Of course, nothing Jesus said that day nullifies the view that sin can cause sickness.  After all, Christ told an invalid man whom He just healed, “Stop sinning or something worse may happen to you” (Jn. 5:14).  But since finite humans cannot know why people get sick, we shouldn’t be so nosy to figure it out.  Instead, we should “mourn with those who mourn” (Rom. 12:15) and pray that “the sick person” will get “well” (James 5:15). 
Is there, then, no room to talk about why someone gets sick?  If you sincerely believe that there may be a spiritual cause, then pray that the sick person will bring it up first.  For that to transpire, it is imperative that what is taught in James 5:13-16 becomes part of our thought process.  Read it today when you are well so that if you ever get quite sick, you can ask whether an unrepentant heart is its root cause. If so, repent.  
Prayer: Dear God, I praise You for being such a kind and compassionate God.  While we are busy passing judgment under the rubric of being discerning, You are always defending and caring for us.  Help me not to sin, but when I do, prompt my heart to repent immediately.  Amen.  
Bible Reading for Today: Numbers 25

Lunch Break Study 

Read James 5: 13-16: Is anyone among you in trouble? Let them pray. Is anyone happy? Let them sing songs of praise. 14 Is anyone among you sick? Let them call the elders of the church to pray over them and anoint them with oil in the name of the Lord. 15 And the prayer offered in faith will make the sick person well; the Lord will raise them up. If they have sinned, they will be forgiven. 16 Therefore confess your sins to each other and pray for each other so that you may be healed. The prayer of a righteous person is powerful and effective.
Questions to Consider
1. What is the undeniable premise of this passage? 2. What should be part of our thought process when we find ourselves with an illness? 3. How should we respond to someone who has fallen sick?  Is there someone in your life who needs a visit from you?

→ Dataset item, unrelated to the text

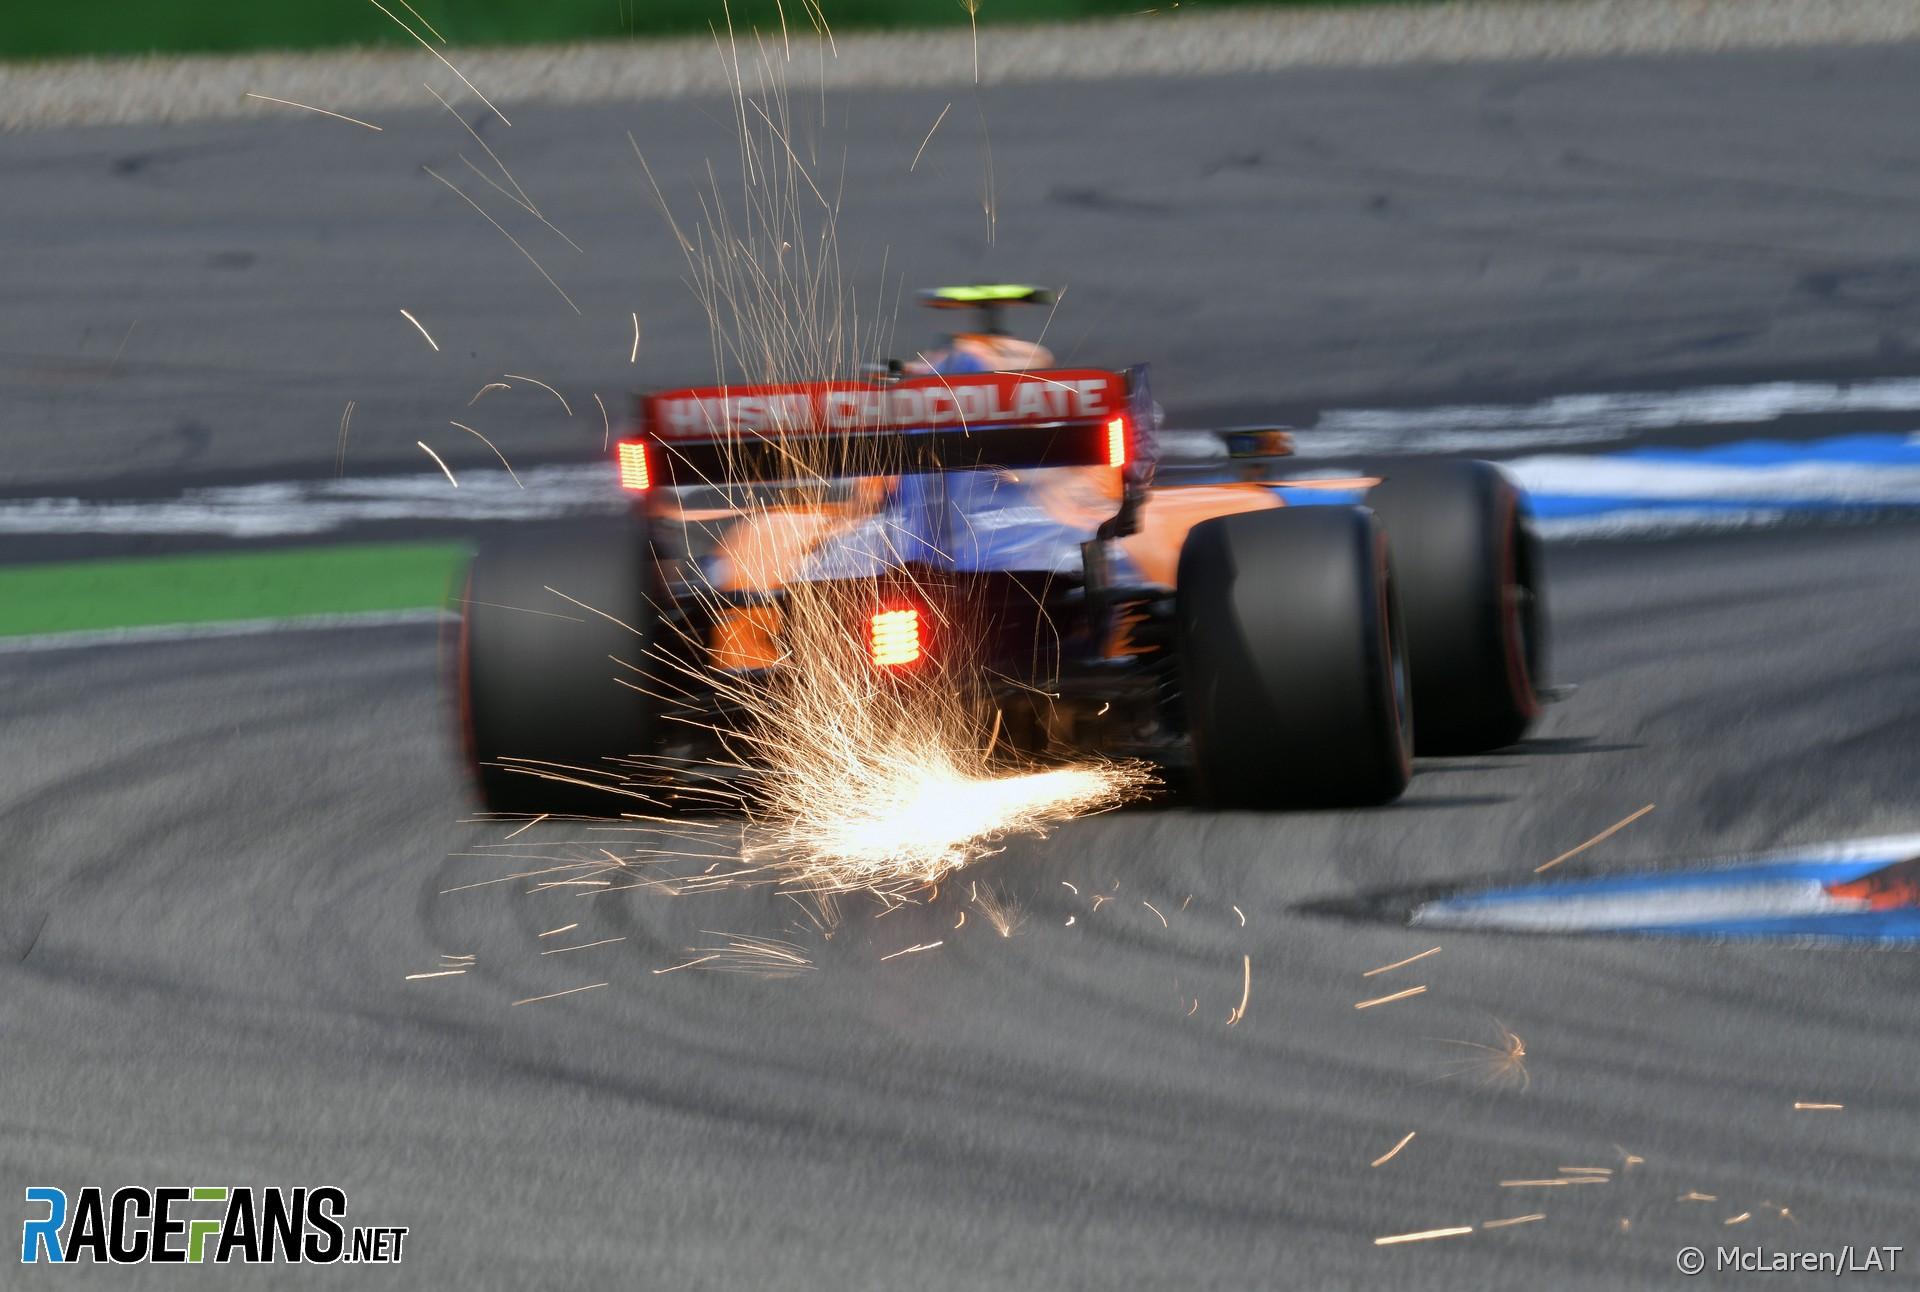 Lando Norris, McLaren, Hockenheimring, 2019
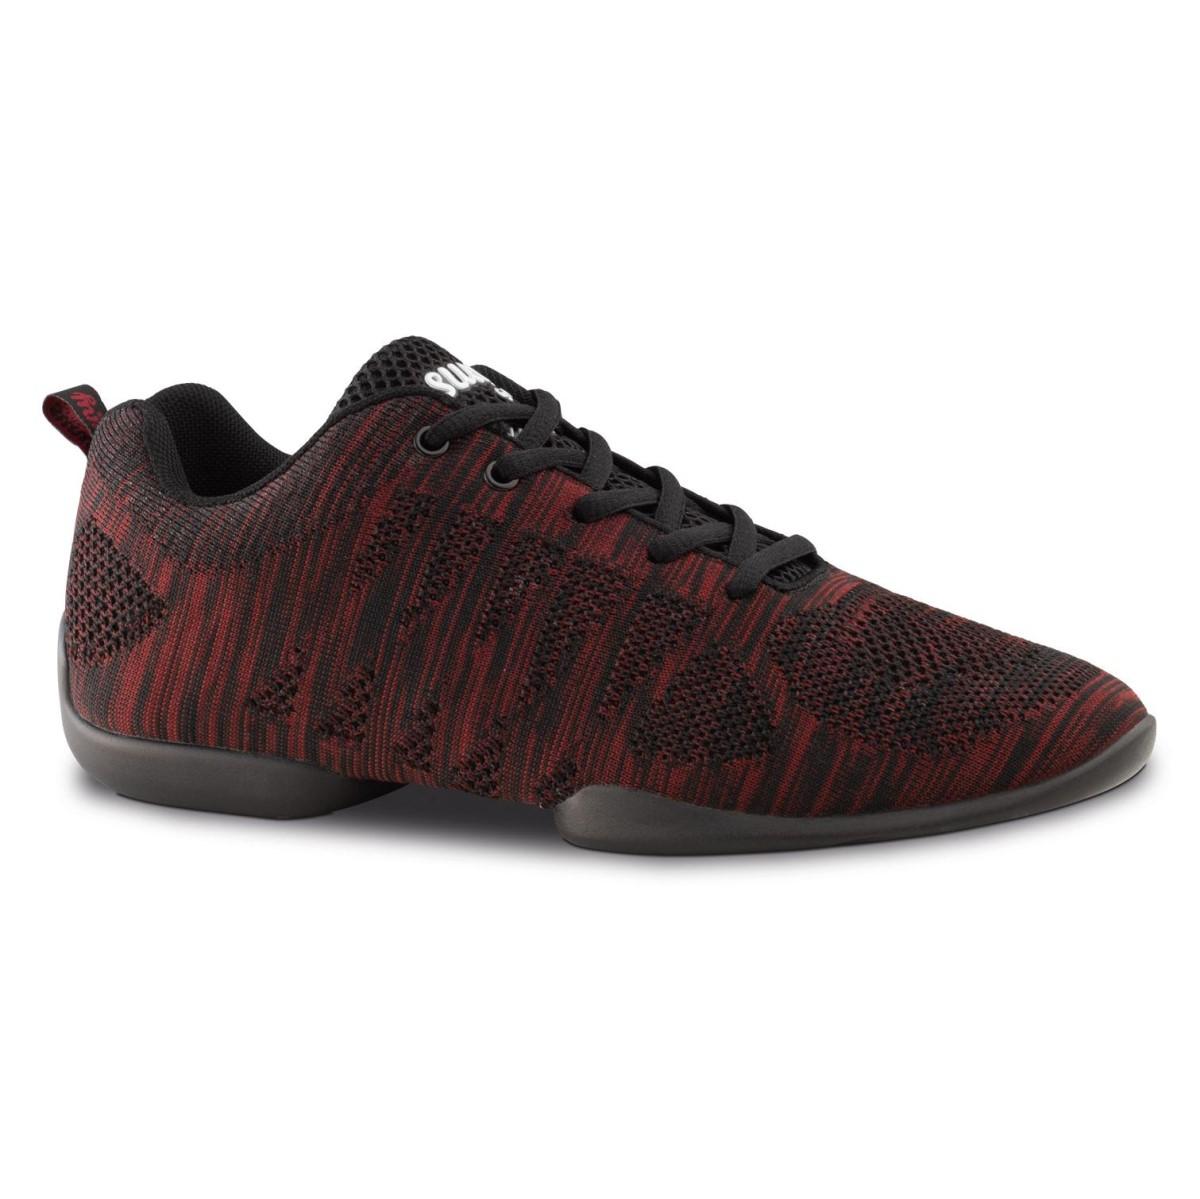 Womens Sneakers 135 Bold Dance Redblack Anna Kern 7qwHf5

  1. While sin is not the cause of every sickness, it is in some cases; therefore, sin should not be automatically ruled out as a factor in one’s sickness.
  2. It is always insensitive for someone to tell a gravely ill person that this happened due to his or her sin.  I think it is better for the sick individual to ask God whether some unrecognized and/or unrepentant sin is responsible for the sickness.  If the person sincerely believes that that’s not the case, then I would leave that alone (at least at the moment).
  3. We pay a visit and pray for them.  And if the sick person wants to discuss the topic of why this happened, then we can read James 5:13-16, after which we may add, “The only person who can know whether your sickness is the result of sin is you; why don’t you, therefore, prayerfully think about it.  If there is nothing to it, then praise God.  We will continue to pray for your healing.”      

Evening Reflection

You probably know people who are sick right now.  Would you take a moment to pray that their health would improve?  Also, would you also pray, in the case that unrecognized sins are involved, that the sick person would pray, “Search me, God, and know my heart; test me and know my anxious thoughts?” (Ps. 139:23)?